The paper proposes DRTO by combining standard token-level RLHF with an f-divergence DRO construction over span-level actor losses. No equations, definitions, or empirical claims in the abstract reduce the reported +4.4 pp and +2.7 pp gains to quantities already fitted inside the same experiment. The central construction (ambiguity sets on spans) is presented as an external addition rather than a self-definition or renaming of the base RTO objective. No load-bearing self-citations, uniqueness theorems, or ansatzes imported from prior author work are visible in the provided text that would collapse the robustness claim into the input data. The derivation remains self-contained against external benchmarks.
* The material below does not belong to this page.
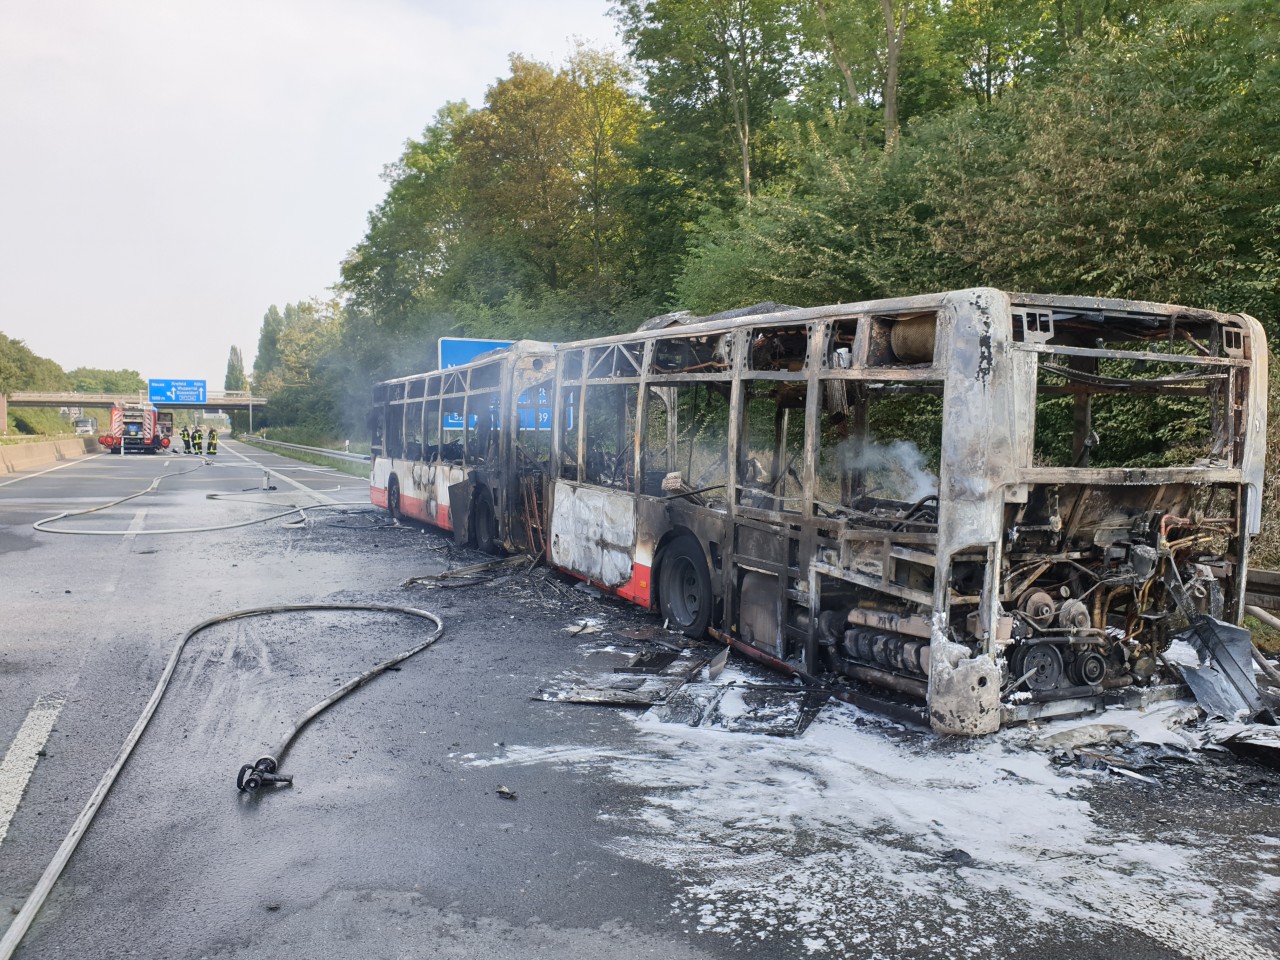 A46 in NRW: In Fahrtrichtung Neuss brannte der Bus. Der Fahrer konnte sich retten.

Axiom & Free-Parameter Ledger

1 free parameters · 0 axioms · 0 invented entities

The central claim rests on standard RLHF actor-critic assumptions plus the DRO modeling choice that f-divergence balls around empirical span losses will contain the relevant prompt shifts; no new free parameters or invented entities are named in the abstract.

free parameters (1)
  • ambiguity-set radius
    The size of the f-divergence ball is a tunable parameter that controls robustness emphasis and must be chosen or fitted for each task.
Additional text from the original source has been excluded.